Russia’s emergency officials said they have found the plane that had gone missing in Siberia, and all of its 19 passengers and crew are alive.

The Emergencies Ministry previously said the An-28 plane disappeared in the Tomsk region in western Siberia on Friday. It said the plane made a forced landing after one of its two engines failed.

Earlier the Interfax and Tass news agencies said there were 13 people on board, while the RIA news agency said there were 17. According to Interfax, there were four children among the passengers.

The An-28 is a small short-range, Soviet-designed turboprop used by many small carriers across Russia and some other countries. The plane belongs to the local Sila airline and was flying from the town of Kedrovoye to the city of Tomsk.
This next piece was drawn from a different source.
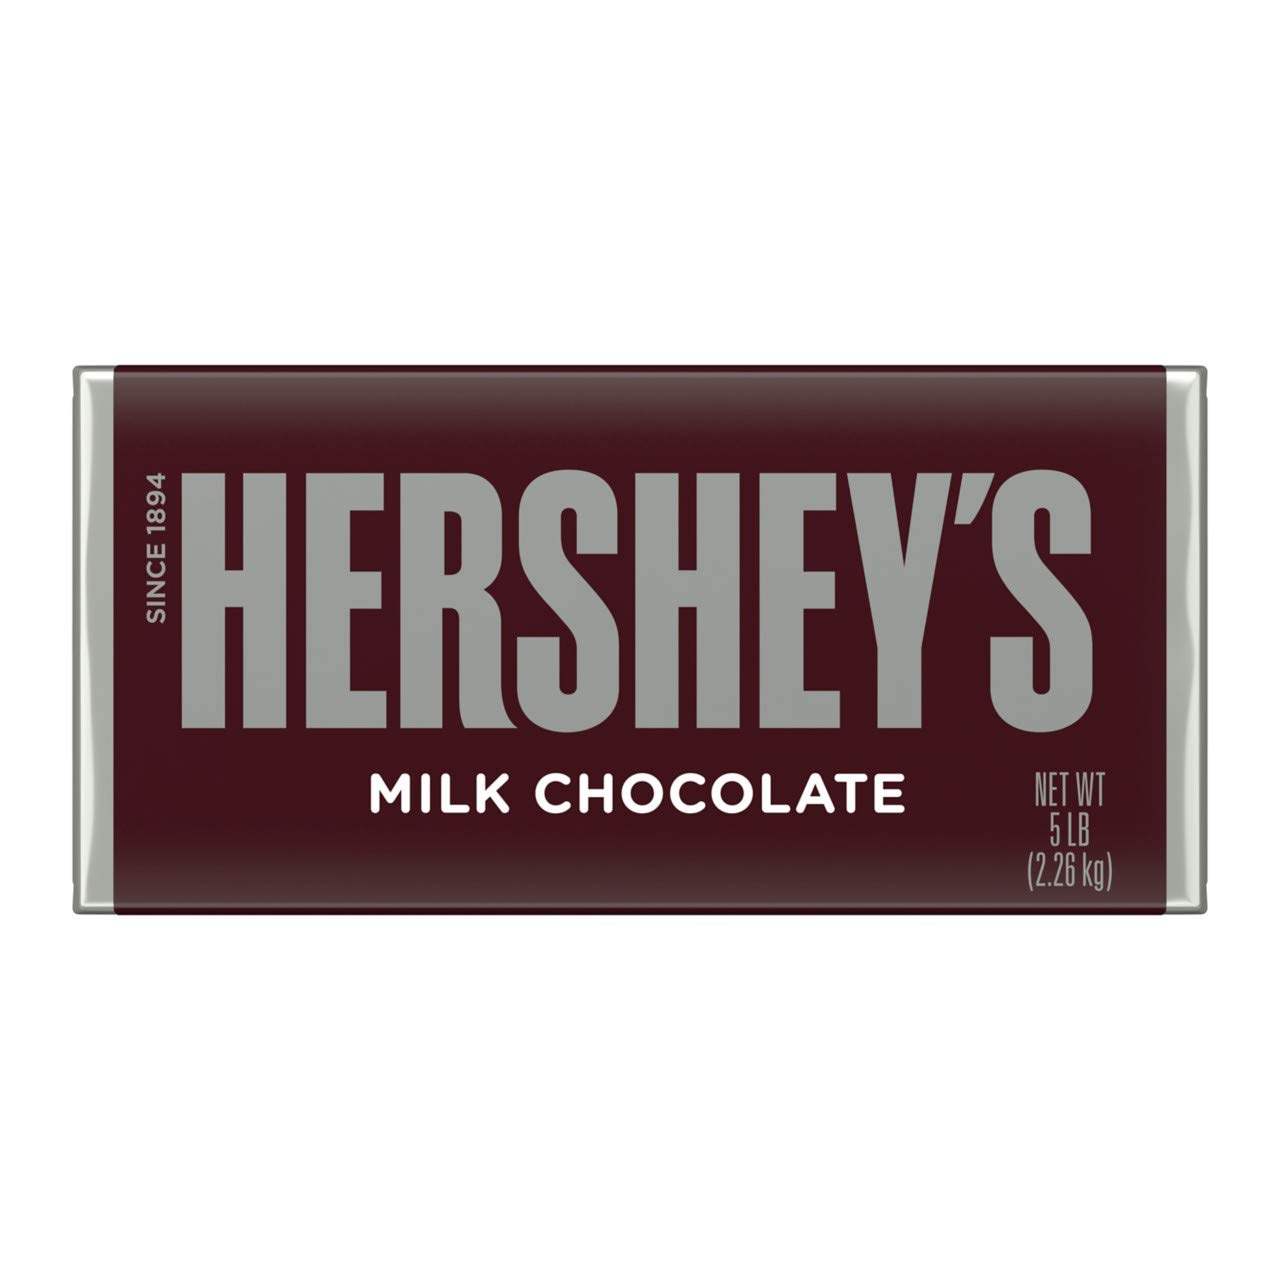 HERSHEY'S Valentines Day Giant Milk Chocolate Bar, Perfect as a Gift, 5 Pound Bar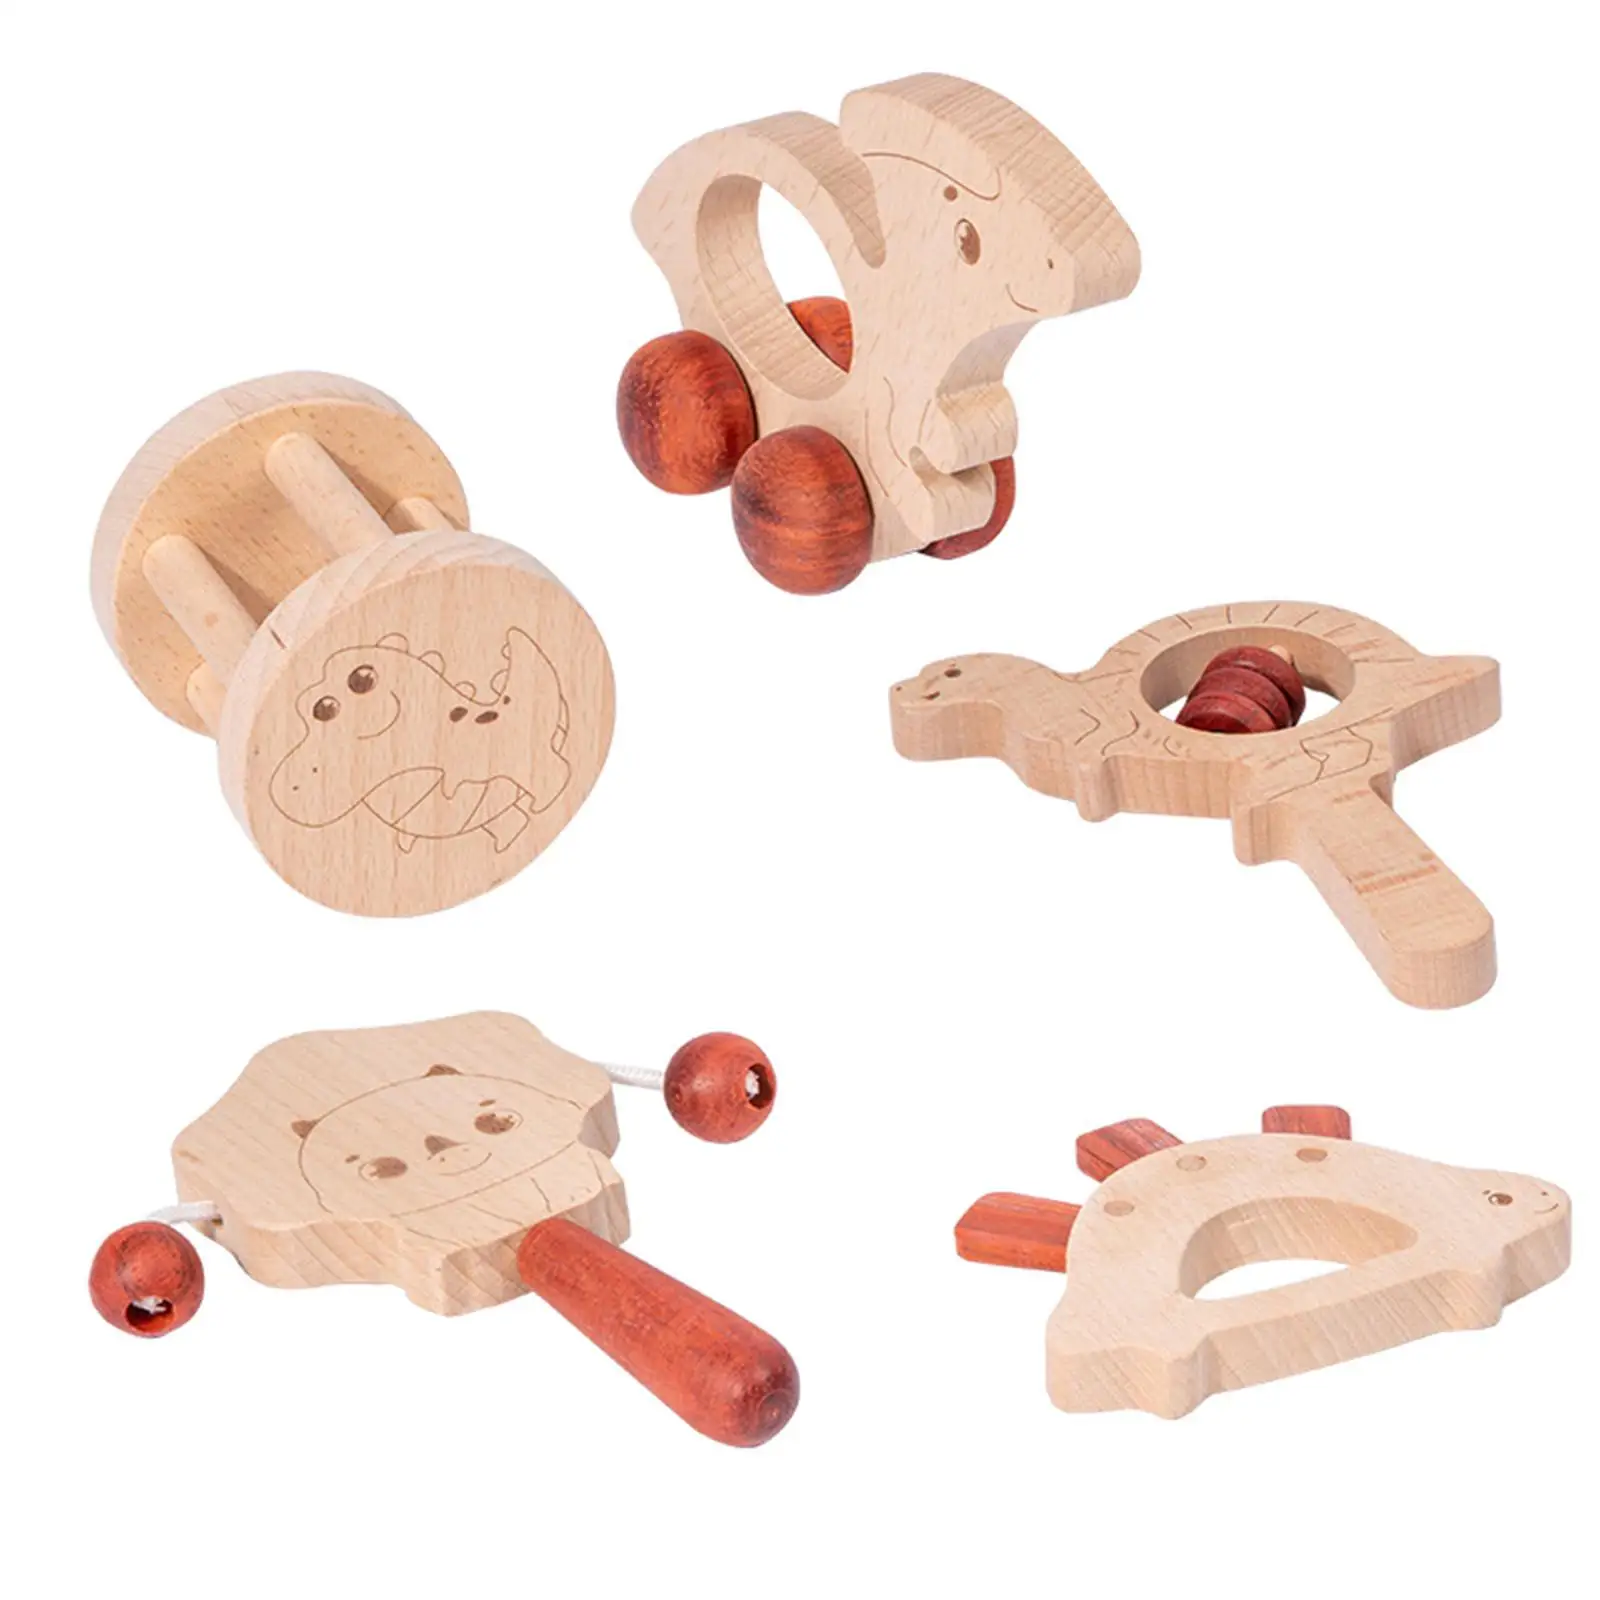 5x Wooden Baby Toy Set Montessori Toys Car Handmade Sensory Development Baby Rattle Wood Toy Rattles for Babies 6-12 Months

The reports come less than two weeks after a similar aircraft, an Antonov An-26, crashed into a cliff amid poor visibility conditions on the remote Kamchatka Peninsula in Russia's far east, killing all 28 people on board.

An Antonov-28, the same type of plane that had gone missing over Tomsk, slammed into a Kamchatka forest in 2012 in a crash that killed 10 people. Investigators said both pilots were drunk at the time of the crash.

Russian aviation safety standards have improved in recent years but accidents, especially involving aging planes in far-flung regions, are not uncommon.